I’m particularly aware of this due to my extreme familiarity with computer games.

You reckon we play monopoly to earn fake cash and beat the other guy? We play monopoly to socialise. The game-dynamic of earning cash is contextualised within what is clearly a constructed, artificial system.

So, we sit above the system, not underneath it. The motivation backfire occurs when the individual has a perspective within the system, mistaking the system for reality. If they look on the system from above, from without, then they can engage with it for their own purposes. This is where the language of gaming is perfect for making sense of this dynamic.

In discussing a study where this effect was shown, Amabile and Hennessy conclude, “It would seem that as a result of their training, these children had learned to treat reward not as an element that detracts from intrinsic interest but as something that can add to overall motivation. They had learned to overcome the deleterious effects of reward – so much that their levels of intrinsic motivation (and therefore levels of creativity) seem to have increased.”

Now, would anyone dispute that our young people are going to be navigating (ARE ALREADY navigating) a world absolutely chock-block full of extrinsic reward systems designed to hack their brains, distort their authentic drives, and make them obey a third party agenda (from work to death for a company through to buy this brand of chocolate)?
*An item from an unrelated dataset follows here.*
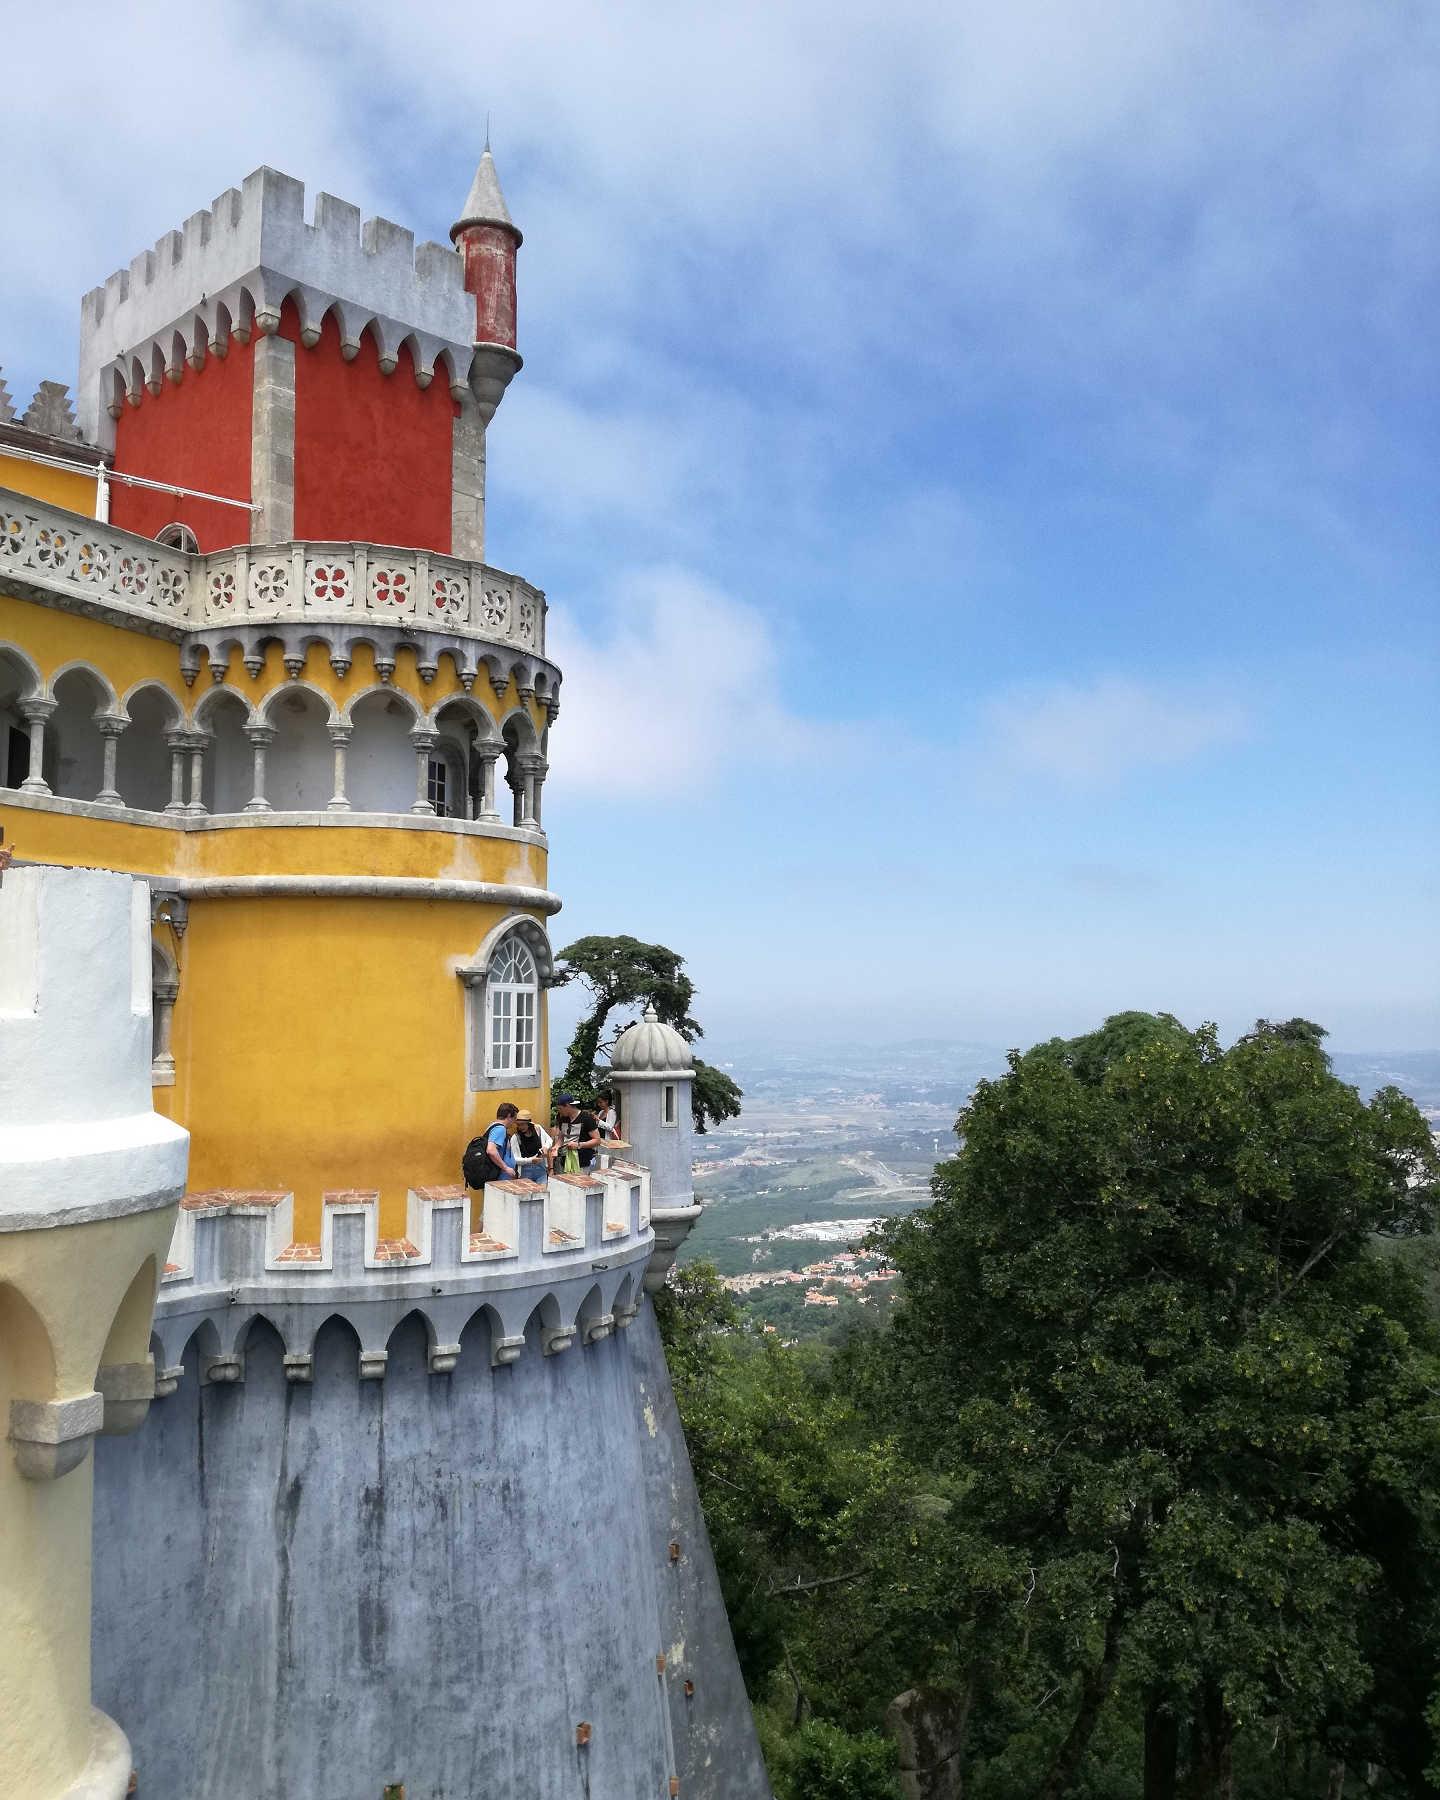 Ausflug nach portugal sintra and cascais idealism prevails for Architektur romantik
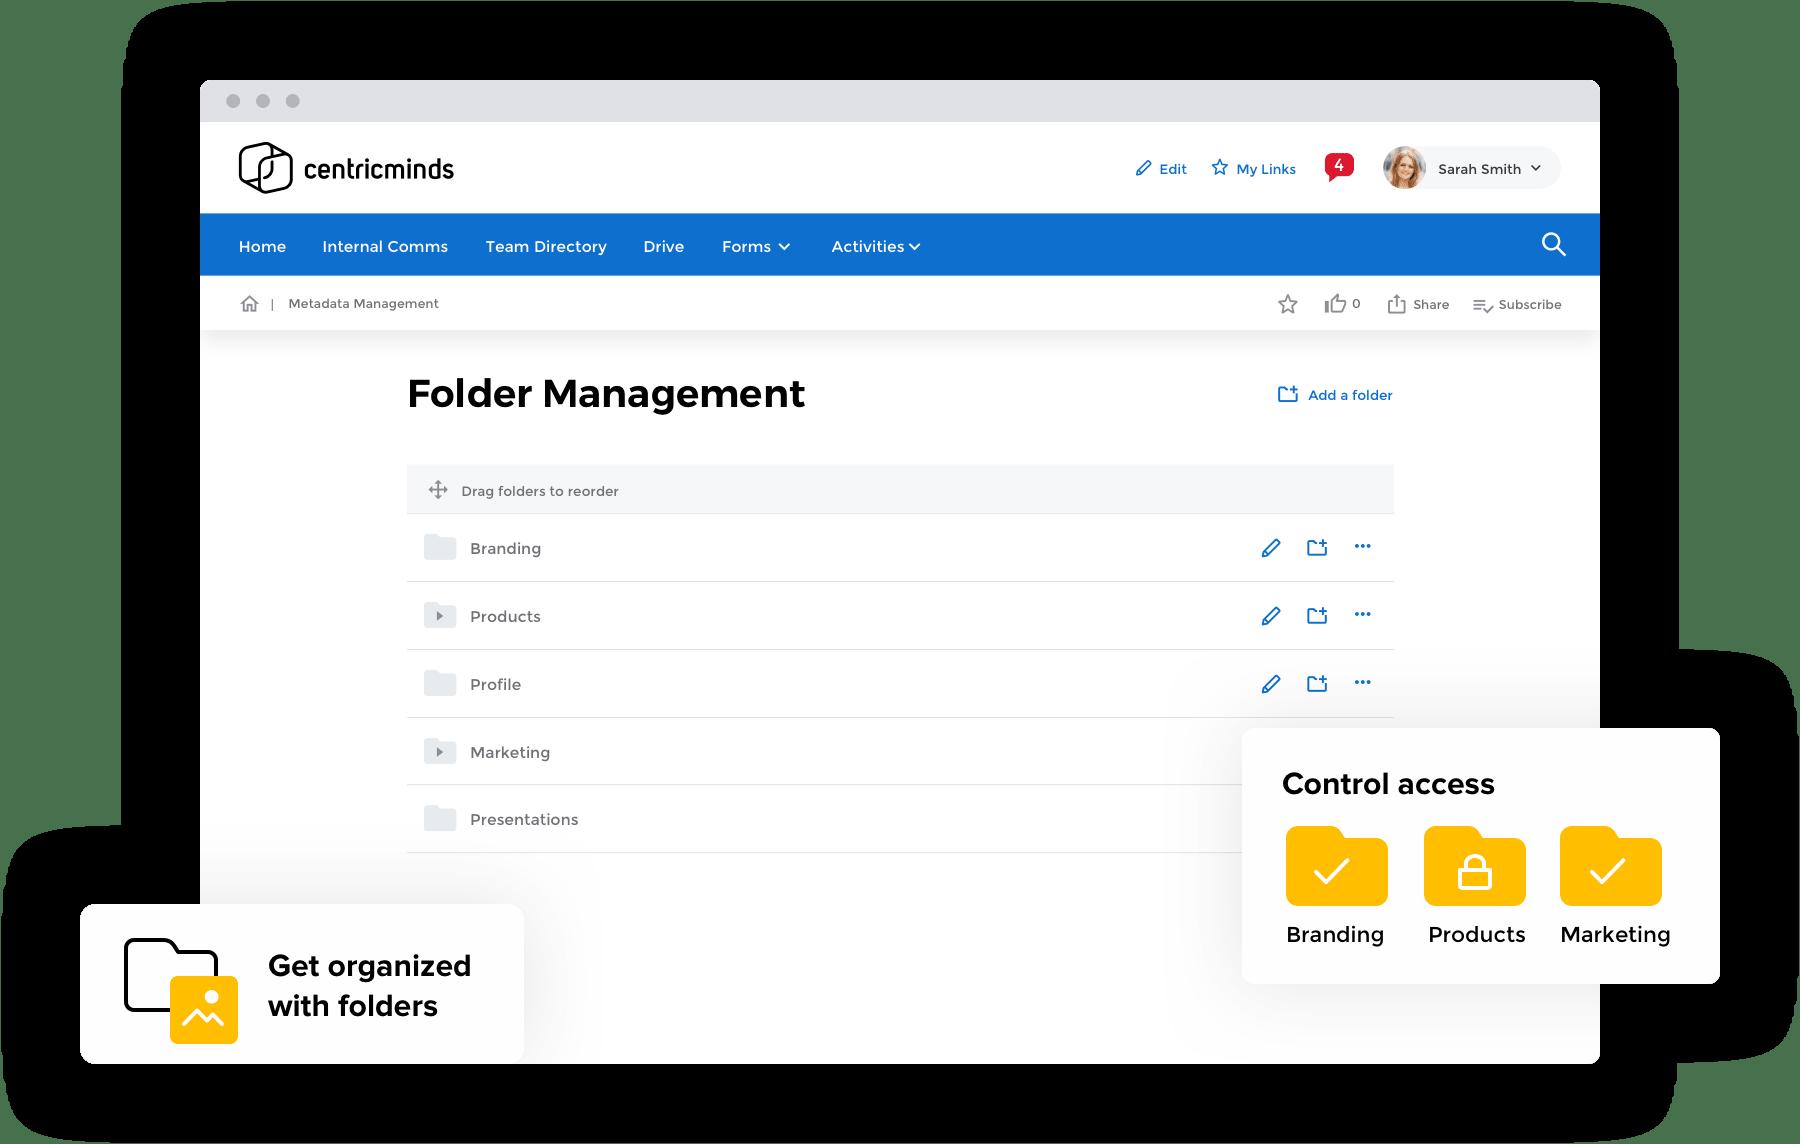 CentricMinds Digital Asset Management Software

The solution is NOT to ban such mechanisms in schools but to contextualise. We need a game-mechanics literacy. Students should be experiencing these systems and taught to deconstruct them, as a scaffolded experience to ‘wise them up’.

In other news, savvy computer gamer kids might be getting just this experience, yet another example of the computer game industry doing a better job of schooling our kids than school does.

But that’s a shame. Being purist about reward-mechanics does nothing to help students deconstruct a world full of them.

I’ve written at length about these issues over at my happysteve blog.

I am not, for one moment, suggesting that teachers are using Classdojo in the way I am describing – simply that the discourse around it could move to a far more constructive space if it transcended its current terms of reference. 

The reference for the study I referred to is:
Amabile, T. M., Hennessey, B.A., & Grossman, B.S. (1986) Social influences on creativity: The effects of contracted-for reward.
in the Journal of Personality and Social Psychology, 50, 14-23.